Since history cannot provide an accurate guide to what lies ahead, forecasters currently predicting how the market will perform in 2008 are sometimes having to rely on guesswork. The depth of the problems resulting from the American sub-prime crisis is not yet clear, for example. It is certain that the resulting credit crunch has made UK mortgage lenders much meaner, but other side effects may still emerge that would have repercussions on both sides of the Atlantic.
The response of the nervier kind of buy-to-let investor to stagnating or sliding prices is also difficult to divine. As recently as 1993, the role of amateur landlord was much less popular than it is today. But even Capital Economics, the gloomiest guru collective, does not foresee a collapse in this sector. There are likely to be painful lessons, however, for those who invested unwisely in low-grade apartments in shoddy poorly located developments in Leeds, Liverpool and other cities. There are fears that these may go down in history as the properties most adversely affected in the downturn of 2008. For most other homeowners, the sensation of this slowdown seems likely to be more a ride down a gentle slope than a stomach-churning sudden descent.
GARAGES GO SKY HIGH
The prices fetched by garages are not yet a key indicator, but they do say something about confidence in the long-term prospects of the market in certain cities.

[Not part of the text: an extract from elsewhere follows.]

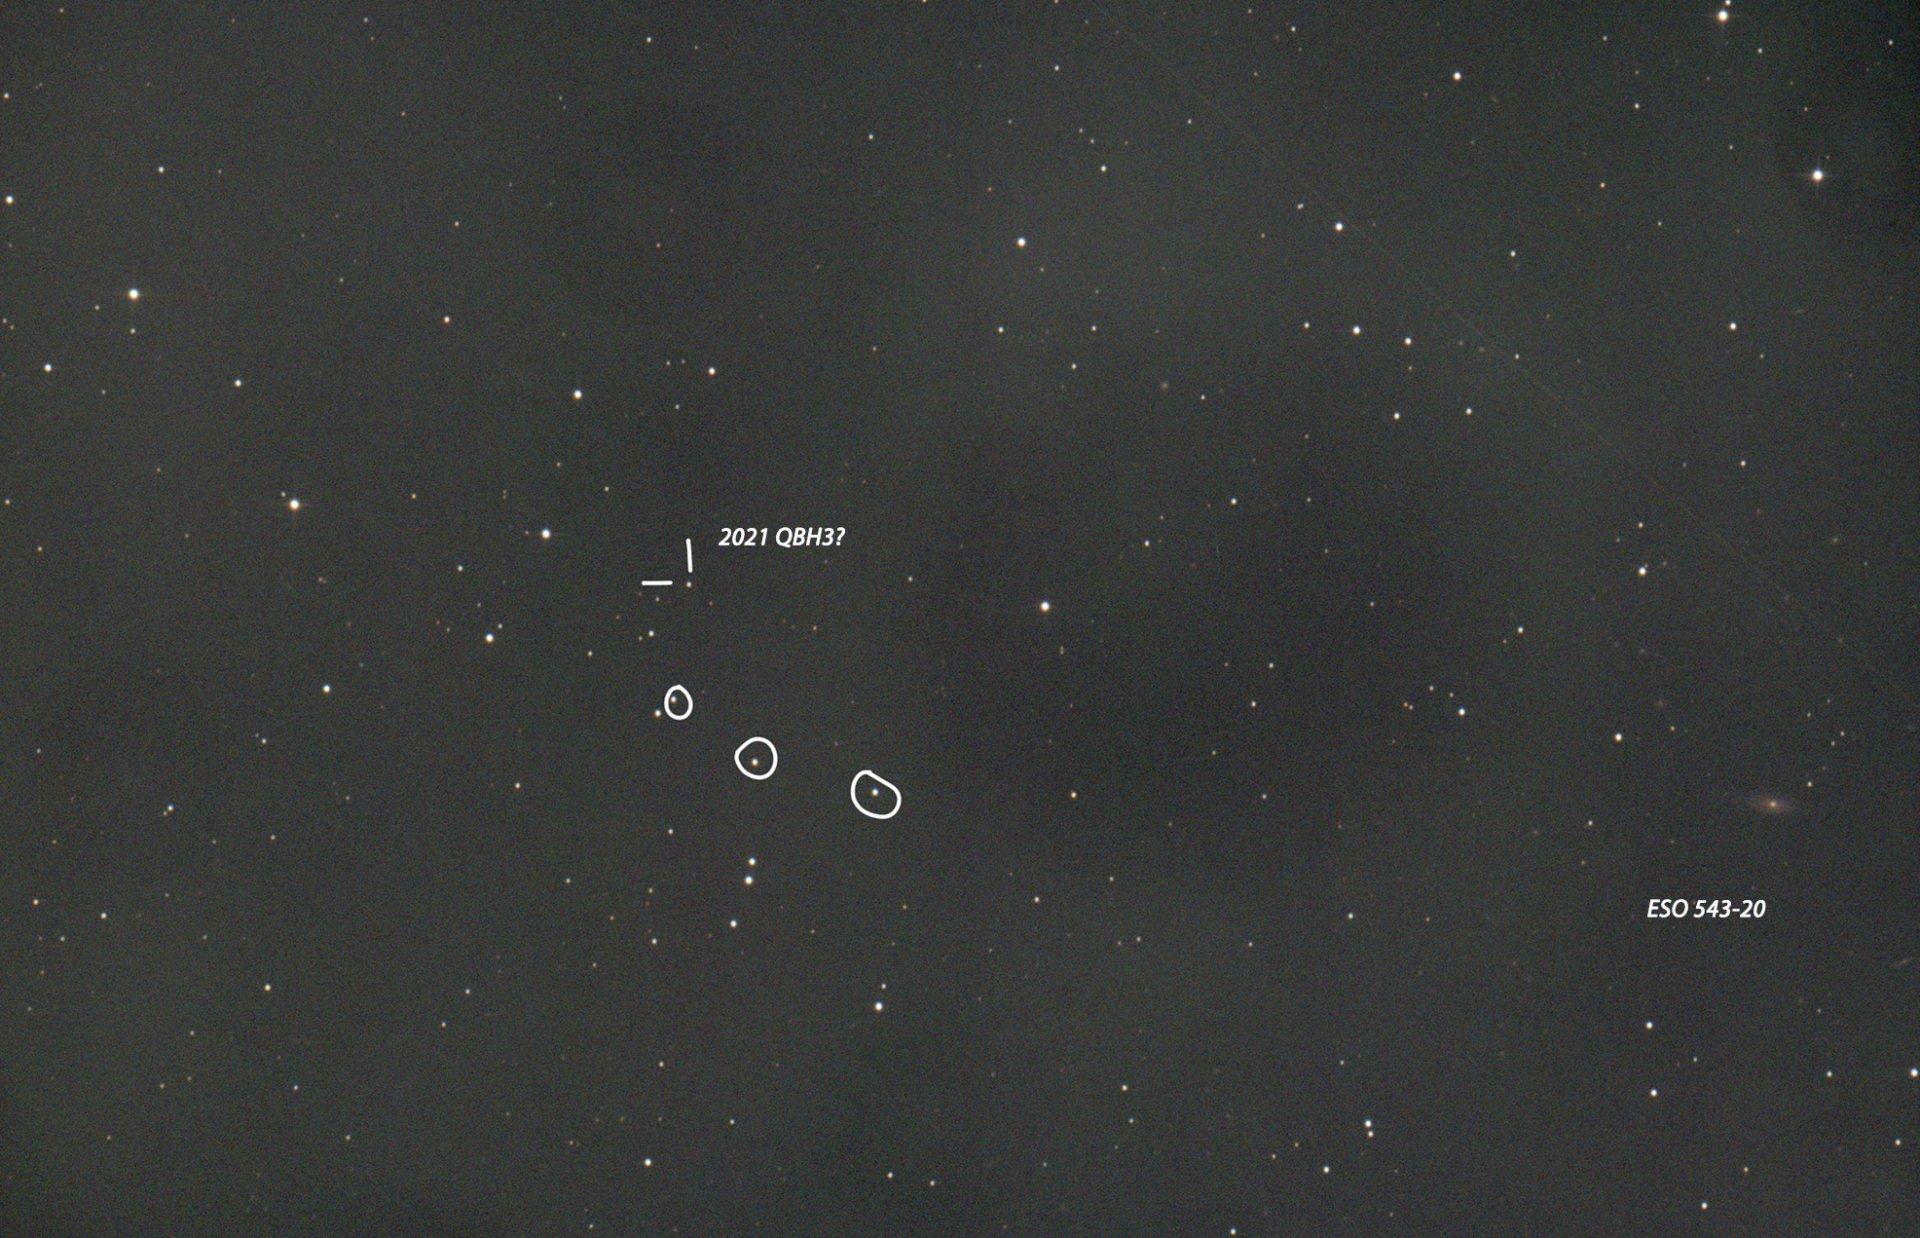 2021QBH3_9-09-21_2-00 UTC.jpg

A double garage in Edinburgh sold for about £90,000 this week, a record. The space is suitable only for parking – it could not be transformed into a more valuable pied-à-terre for its new owners.

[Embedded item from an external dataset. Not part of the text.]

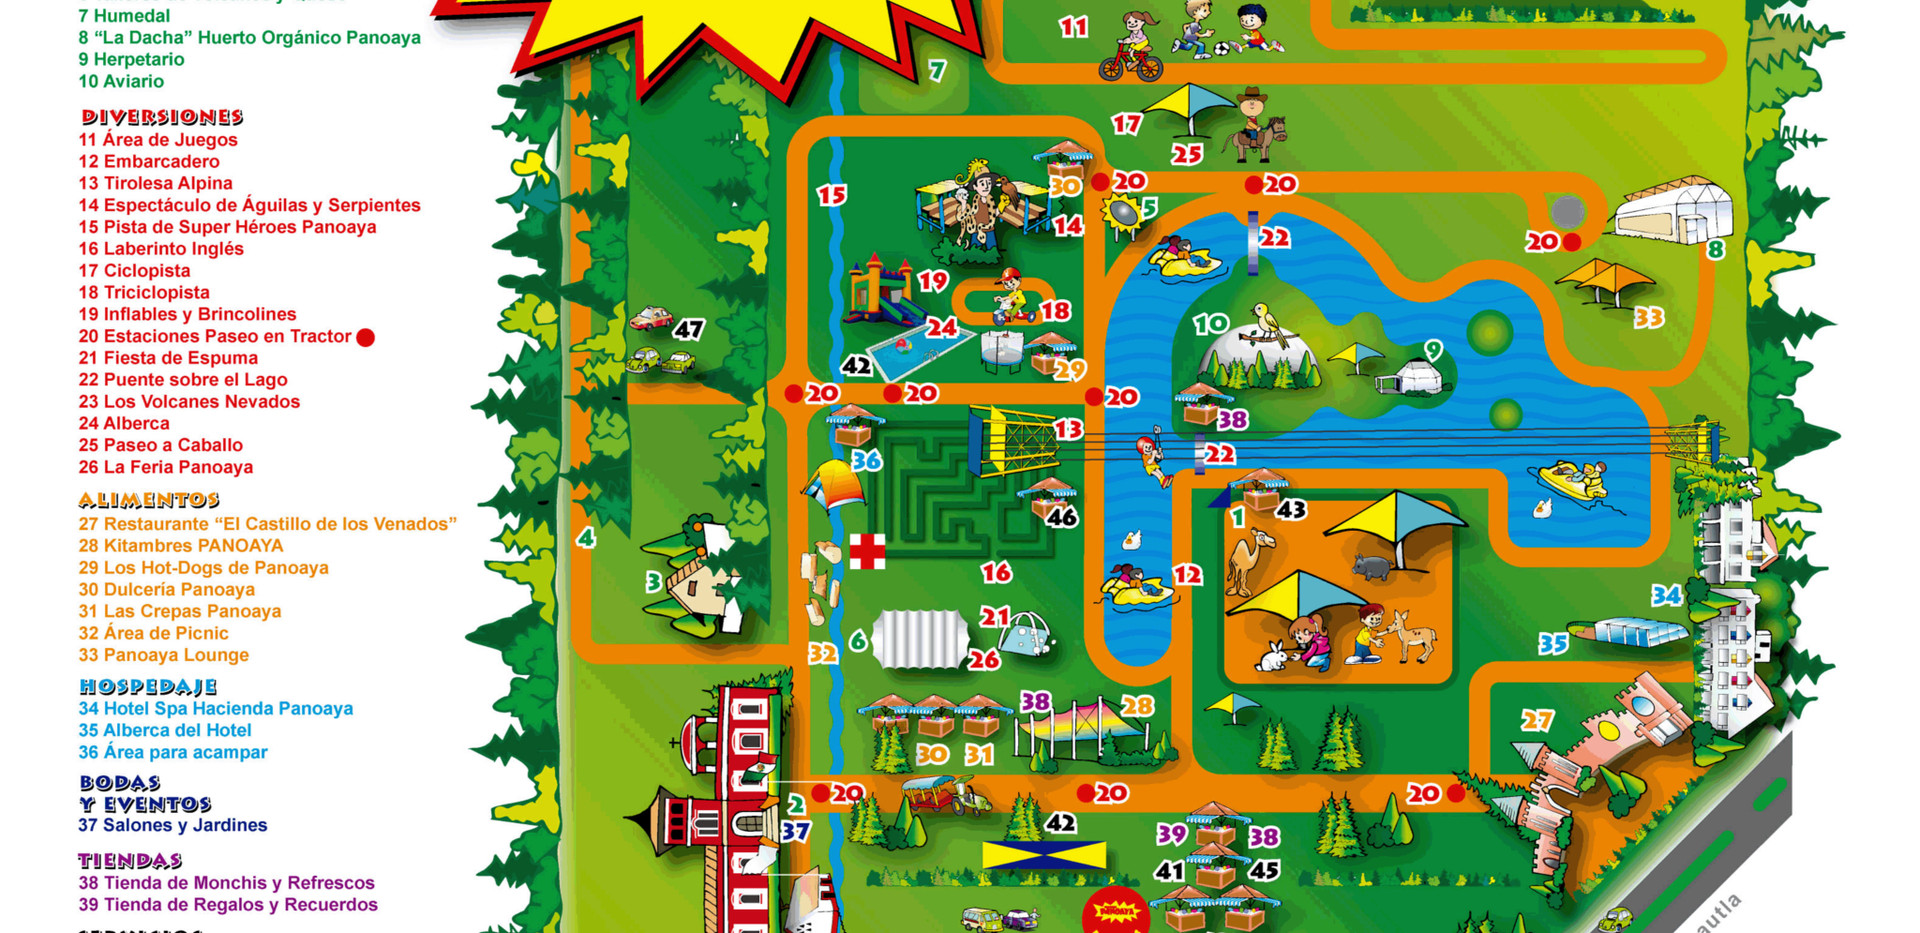 Hacienda Panoaya map.jpg

Huge potential for uplift, however, lies behind the $700,000 ($340,000) price of a garage in a block being built in the Chelsea district of Manhattan – which is an island of property price optimism amid the deepening sub-prime-induced misery elsewhere. Owners of apartments in this block will be able to drive into an elevator that will hoist them to garages on the same level as their luxury lofts. The security-conscious will be able to dodge “the hoods in the hood”. Those who are in the public eye will also be able to evade the photographers for whom celebrities forced to park in the street are ready prey.

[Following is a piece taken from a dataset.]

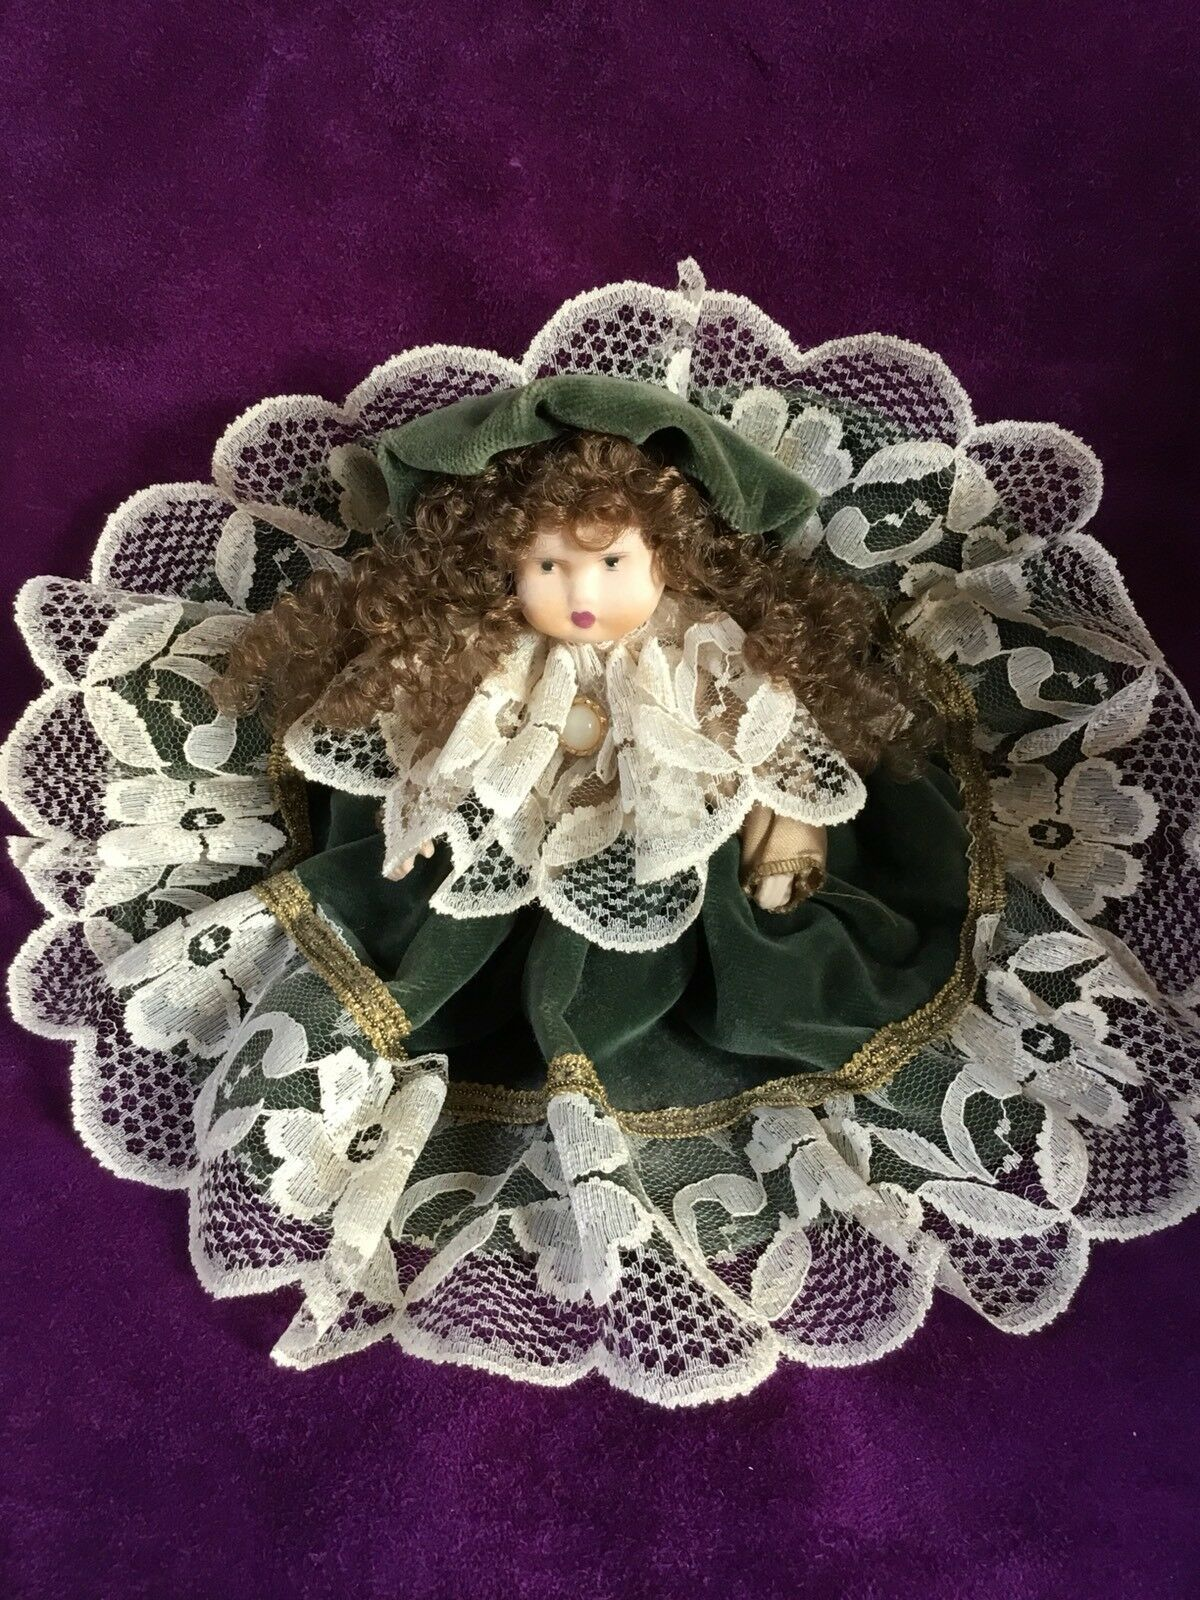 Bambola Porcellana Old Biscuit bambola Faenza Claudia Focaccia 20  Cm.  garantito

As we report on pages 6-7, the garage feature is so popular that nearly three quarters of the $3.65 million-plus apartments are already sold. These values suggest faith in the continued availability of lucrative employment in Wall Street and the rest of New York. The jobs of paparazzi, however, may be under threat.
ESTATE OF MIND
Estate agents are called all sorts of things, some of them not that nice. Anyone who is less interested in the denigration of this trade than why they are so called (when most deal in semis rather than rather country piles) should know that the 200th anniversary approaches of their naming. The Times was involved.
Melanie Backe-Hansen, the historian at Chesterton, the estate agent, has uncovered the first use of the term “estate agent” in the edition of The Times of November 9, 1807. Formerly “house and estate agent” was the preferred phrase. The shorter name stuck and estate agents thrived to become businesses so successful that some are even able to employ their own in-house historians.